• EXERCISE BRIEF:
Starting at the line that contains "seedling holding close", transcribe every remaining line of the data below exactly, and omit all pictures.

• DATASET CONTENT:
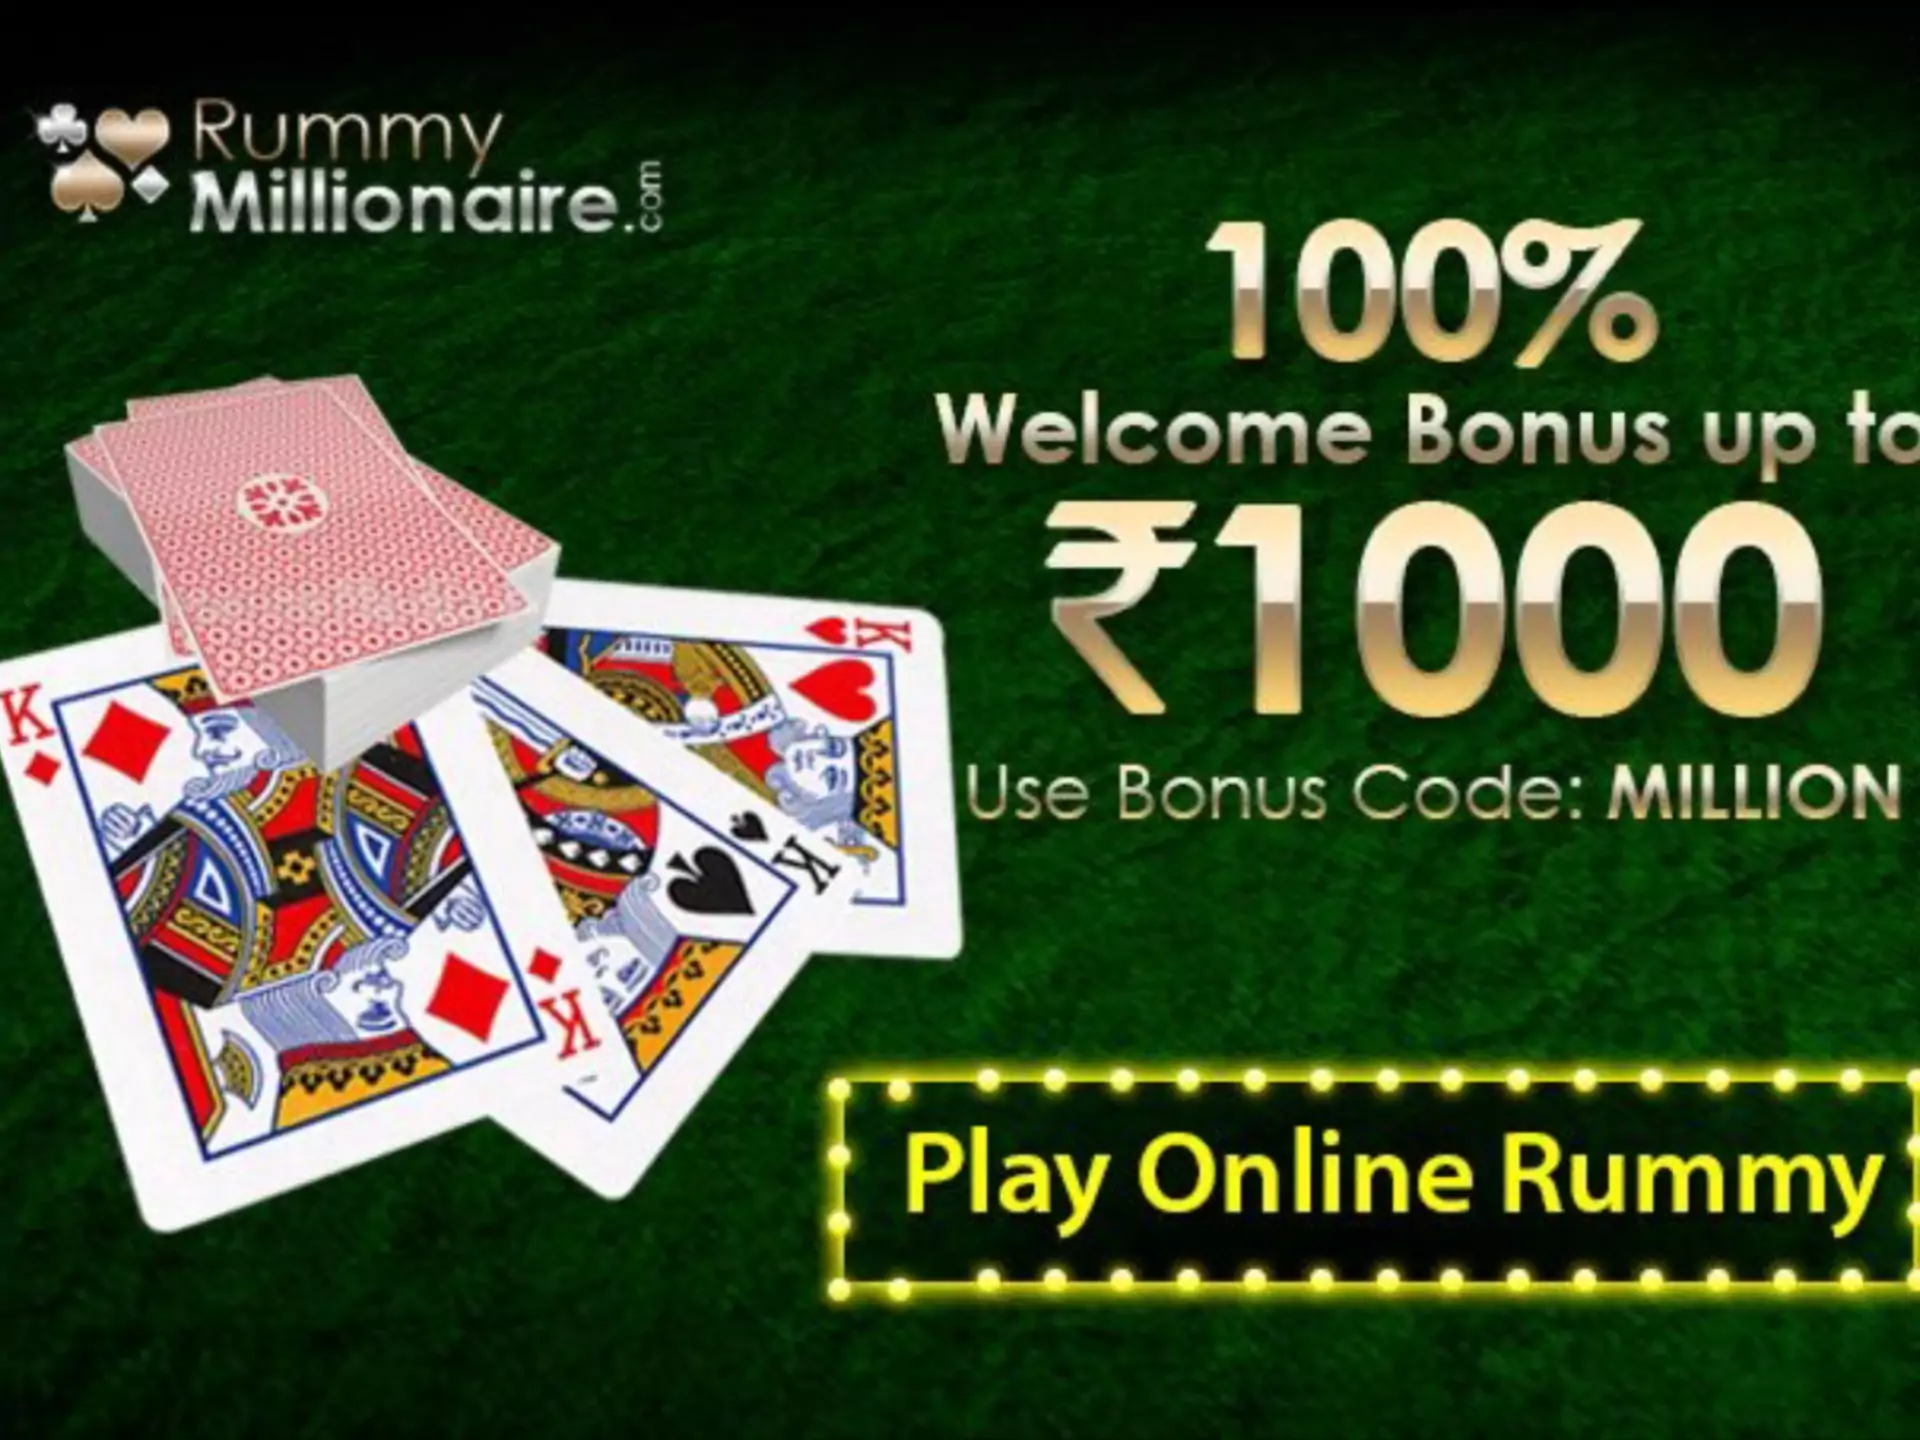 Sign up for an online casino and get bonuses on playing rummy.
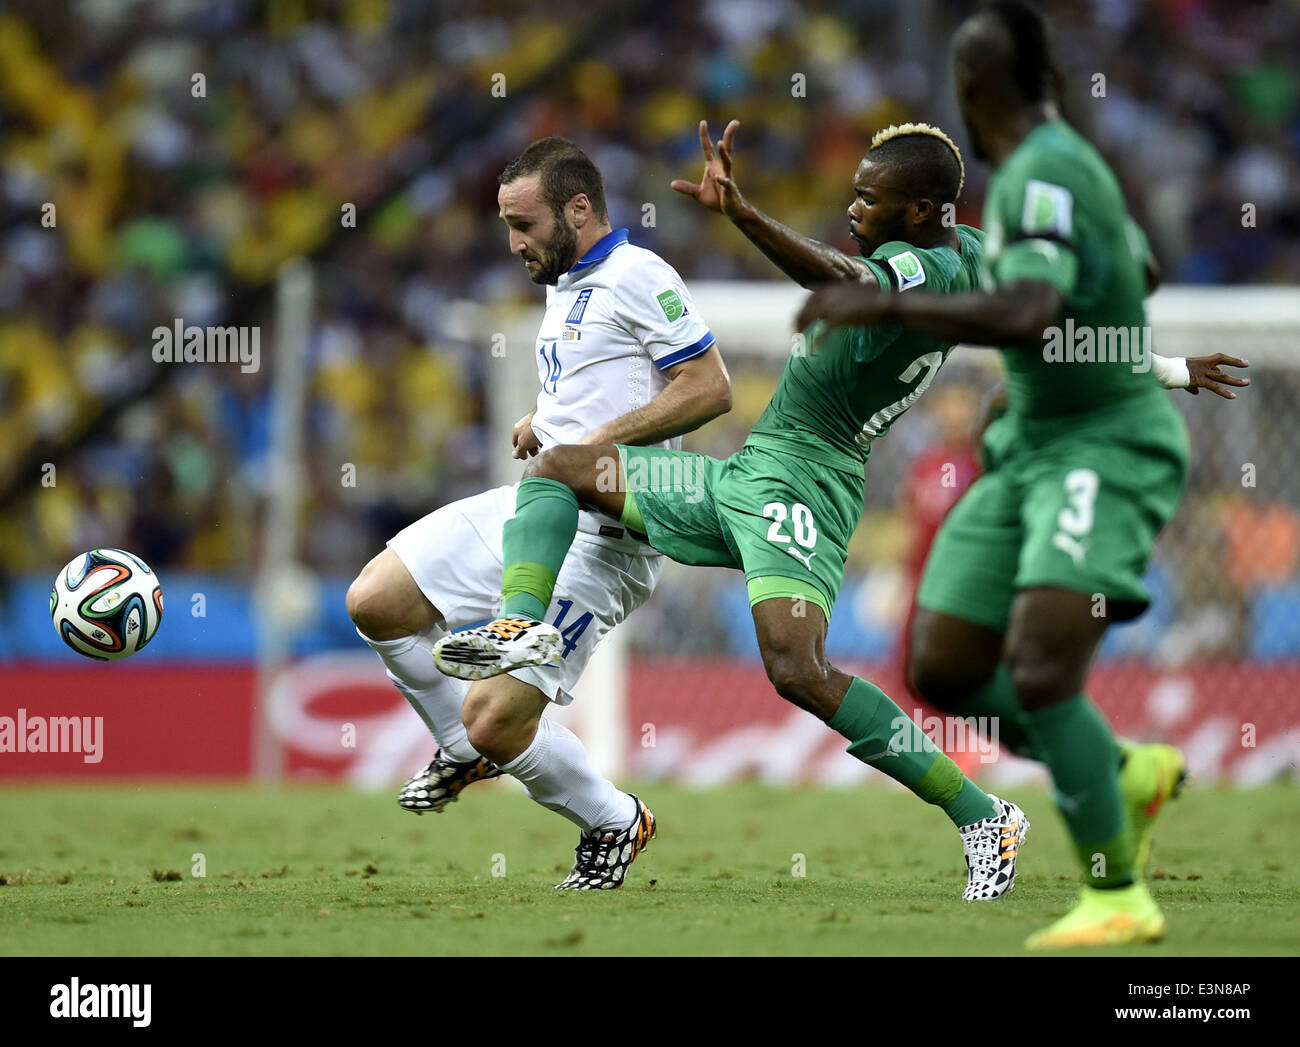 Fortaleza, Brazil. 24th June, 2014. Greece's Dimitris Salpingidis (L) vies with Cote d'Ivoire's Geoffroy Serey Die (C) during a Group C match between Greece and Cote d'Ivoire of 2014 FIFA World Cup at the Estadio Castelao Stadium in Fortaleza, Brazil, June 24, 2014. Credit:  Yang Lei/Xinhua/Alamy Live News Stock Photo
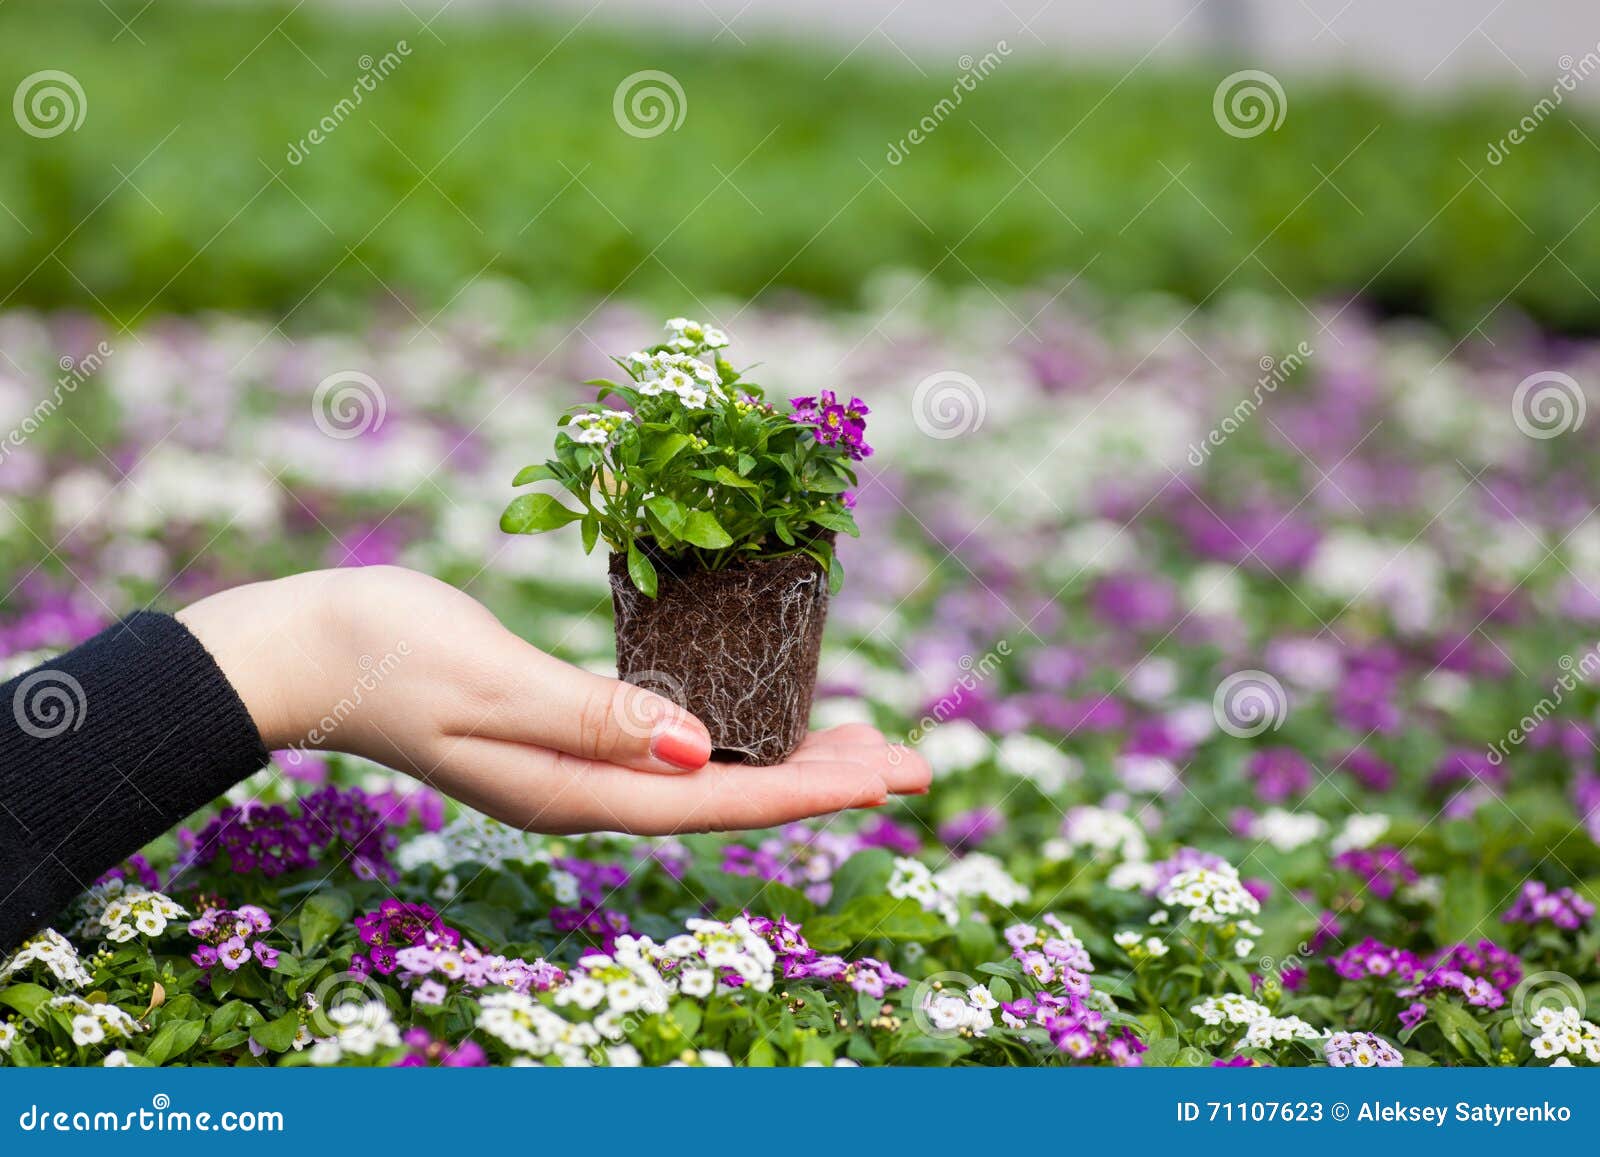 seedling holding close up of pretty pink, white and purple alyssum flowers, the cruciferae annual flowering plant
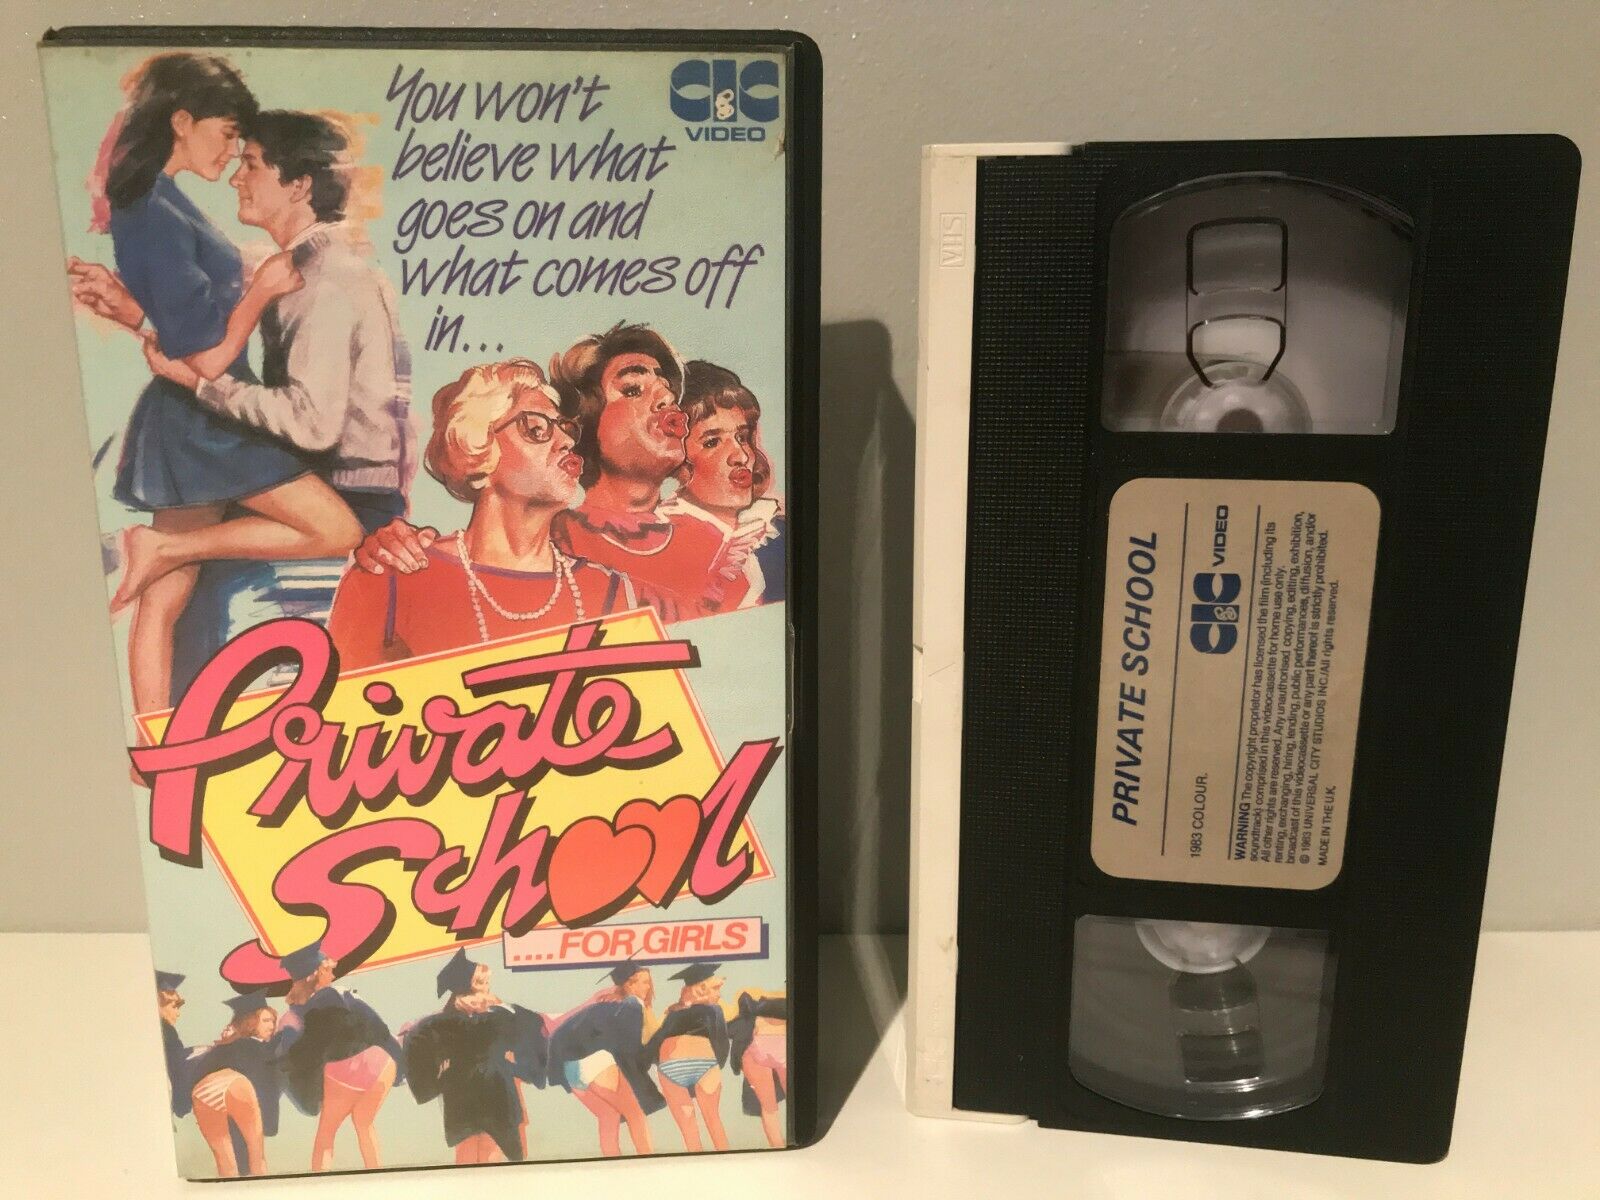 Private School For Girls (1972): German Erotic Comedy - Sexploitation - Pal VHS-

• ANSWER SPACE:
 seedling holding close up of pretty pink, white and purple alyssum flowers, the cruciferae annual flowering plant
 Private School For Girls (1972): German Erotic Comedy - Sexploitation - Pal VHS-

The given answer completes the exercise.